Ne è la prova la top model Gigi Hadid che ha aperto decine di sfilate per le collezioni P/E 2016, tutti la vogliono, tutti la ambiscono. Gigi Hadid al contrario della veterana collega Kate Moss è la portavoce di una bellezza decisamente oggettiva, grazie alla chioma dorata, gli occhi cerulei dalla forma orientale ed un’aspetto angelico, o meglio divino, perché evoca di fatto l’immagine di una dea greca dal corpo statuario e i muscoli scolpiti.

Dunque, non sono affatto fisici esili e mingherlini quelli che popolano la sfilata di Tommy Hilfiger, tra cui anche la sorella di Gigi, Bella Hadid. Ed a mostrare i costumi da bagno sono proprio le curve stesse delle modelle.

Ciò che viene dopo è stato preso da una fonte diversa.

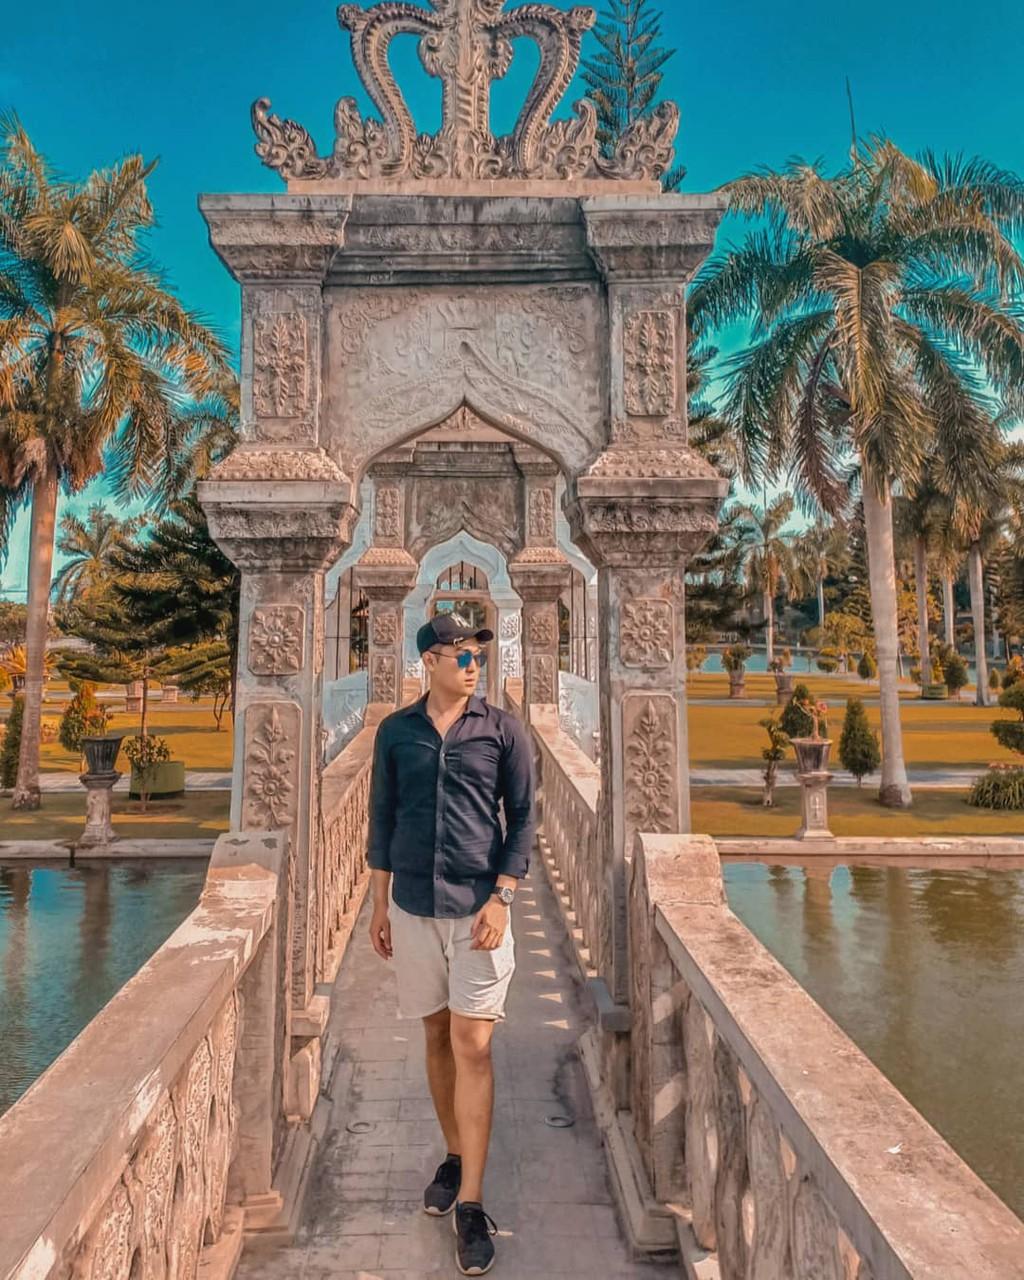 Cung dien tai Bali thu hut cac tin do du lich hinh anh 4
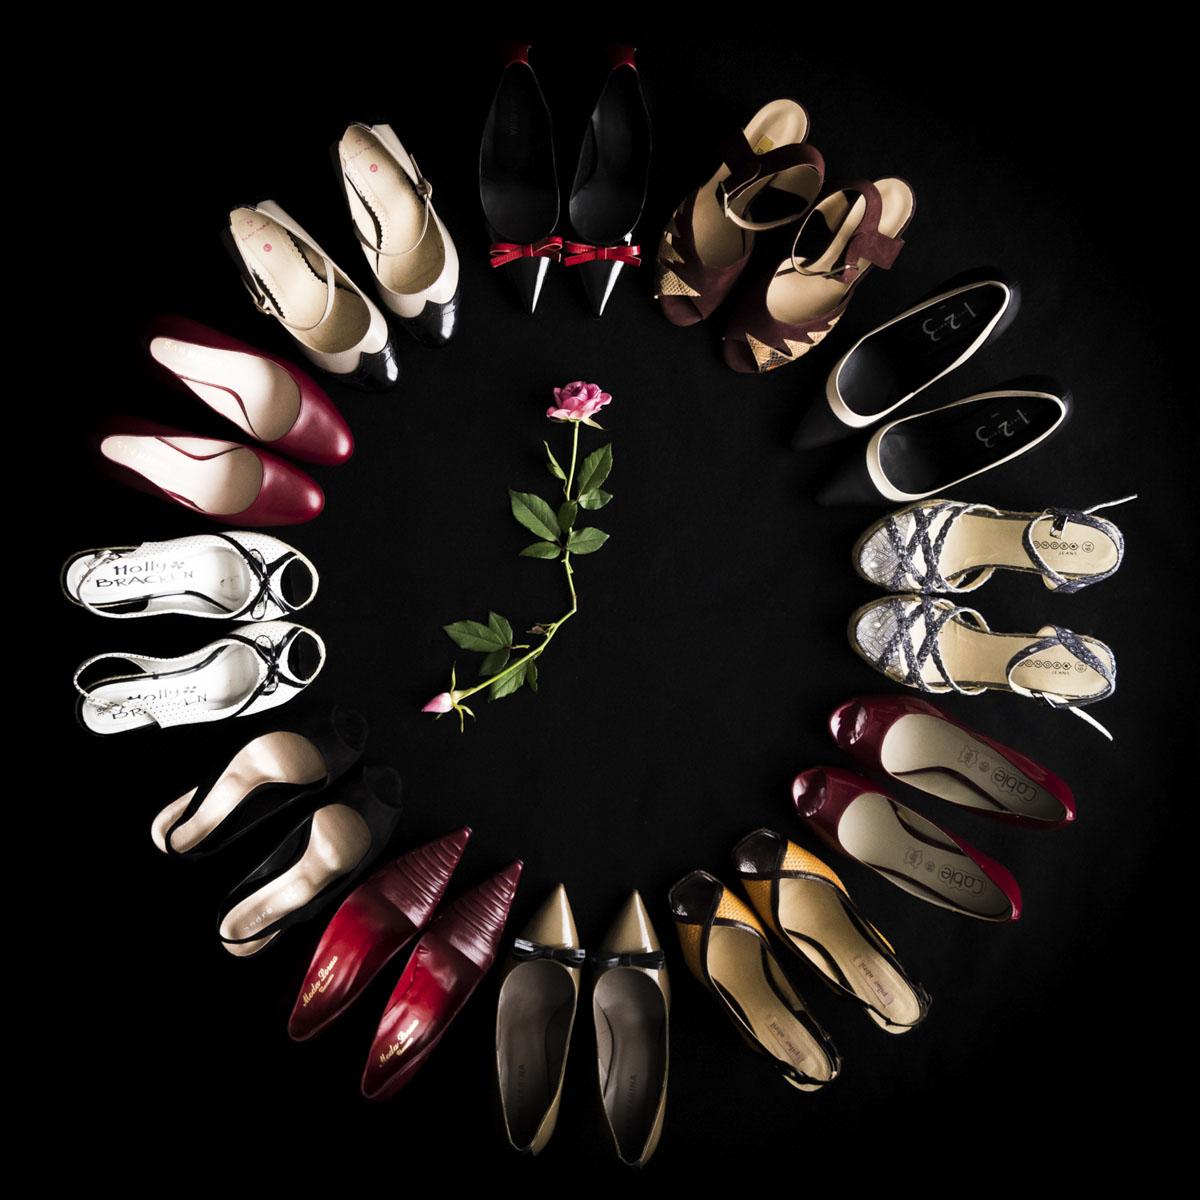 Alexandra Chollet, Atelier Focale 16, Mes souliers, Janvier 2021

Nonostante ci siano persone che, come me, hanno accolto l’idea con grande felicità e sollievo (poiché lo standard che verrebbe proposto sarebbe più vicino a noi non modelle), si è scatenata sul web una gigantesca polemica soprattutto contro la stessa Gigi che è stata additata come troppo grassa per sfilare… La modella si è dunque sfogata su Instagram difendendo il suo corpo formoso che l’ha portata al successo, ricevendo anche il supporto di altre celebrities come Tyra Banks, Ashley Graham, Kris Jenner.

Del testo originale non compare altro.